Reporters describe sordid instances of bribery. On trips out of the capital, functionaries stuff money directly into the pockets of accompanying reporters. A front-page story favorable to a ministry can mean cash for the reporter. An economic reporter who said she declined bribes told of a colleague who picked them up on her behalf and kept the money for himself.

Arturo Durazo, the former Mexico City police chief who is on trial in Mexico City on extortion charges, is said to have asked reporters into which pocket they would like the money deposited, the right or the left.

The right meant payment in dollars; the left, in Mexican pesos.

During last year’s hotly contested state elections in Chihuahua, the ruling Institutional Revolutionary Party, which was fighting hard to keep control of the state, paid the expenses, including hotels and steak dinners, of journalists from Mexico City.

Not all government ministries offer bribes, reporters say.
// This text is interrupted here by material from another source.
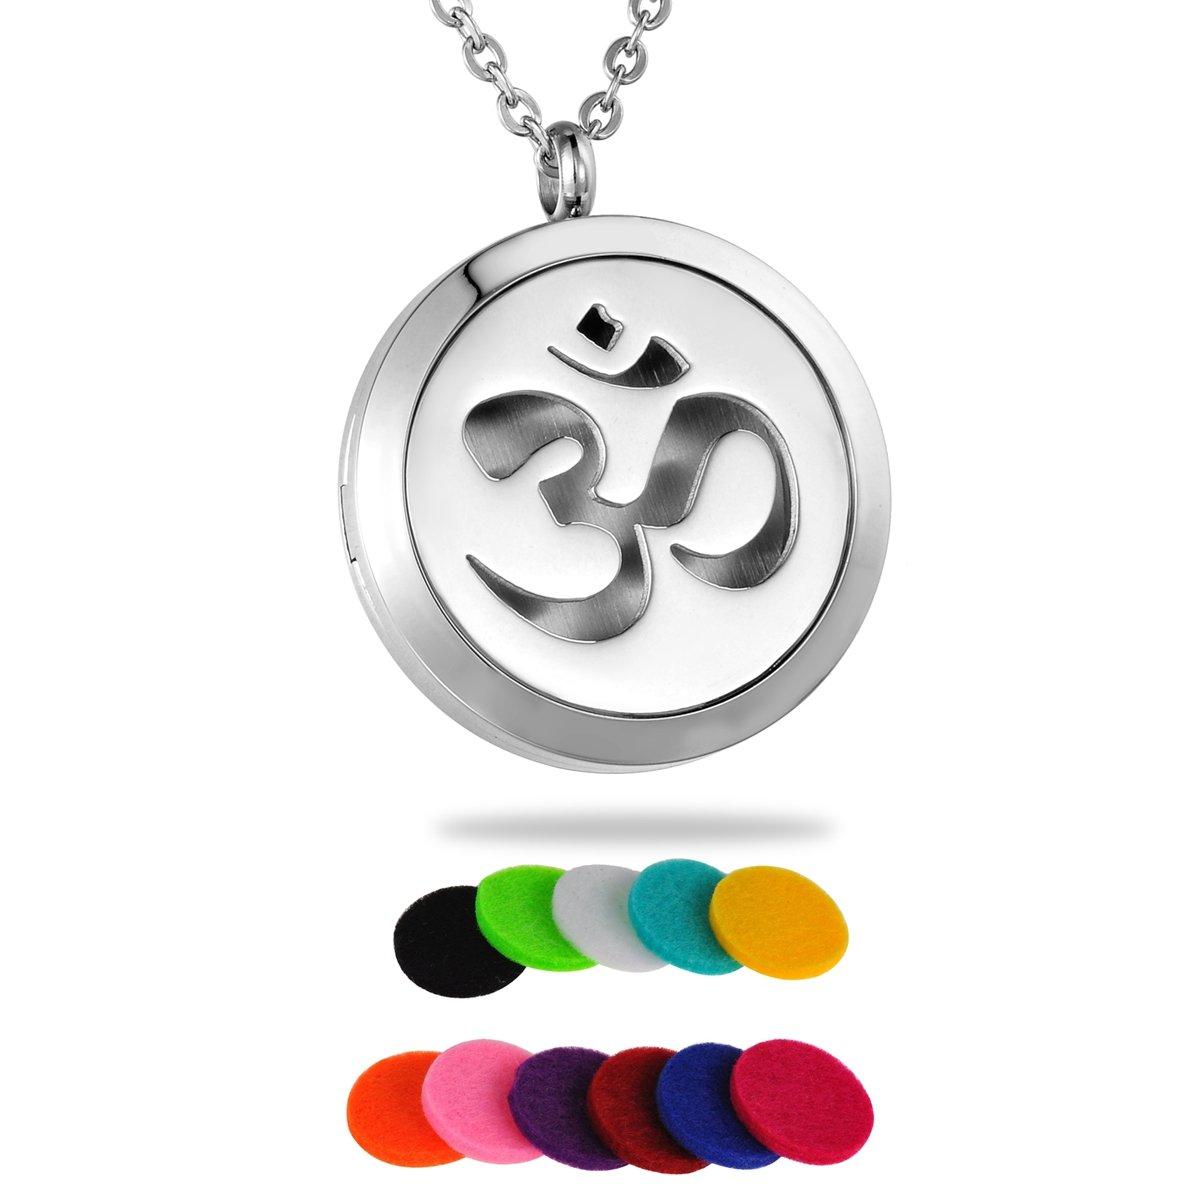 HooAMI Aromatherapy Essential Oil Diffuser Necklace - Yoga Aum Om Ohm Sanskrit Symbol Locket Pendant TY BETY102384

The Foreign Relations Ministry is notoriously tight-fisted. On the other hand, agencies like Pemex, the government oil company, and the nationalized banks are said to be prime sources of bribes.

Many reporters try to avoid working a non-paying beat. And some benefit from their beats by selling advertising for commissions of 10% or 15%. In these days of economic hardship, the placement of ads by the government is a lifesaver for reporters as well as their publishers. One reporter, with 19 years’ experience, said she is paid the equivalent of only $60 a week and must sell advertising to survive.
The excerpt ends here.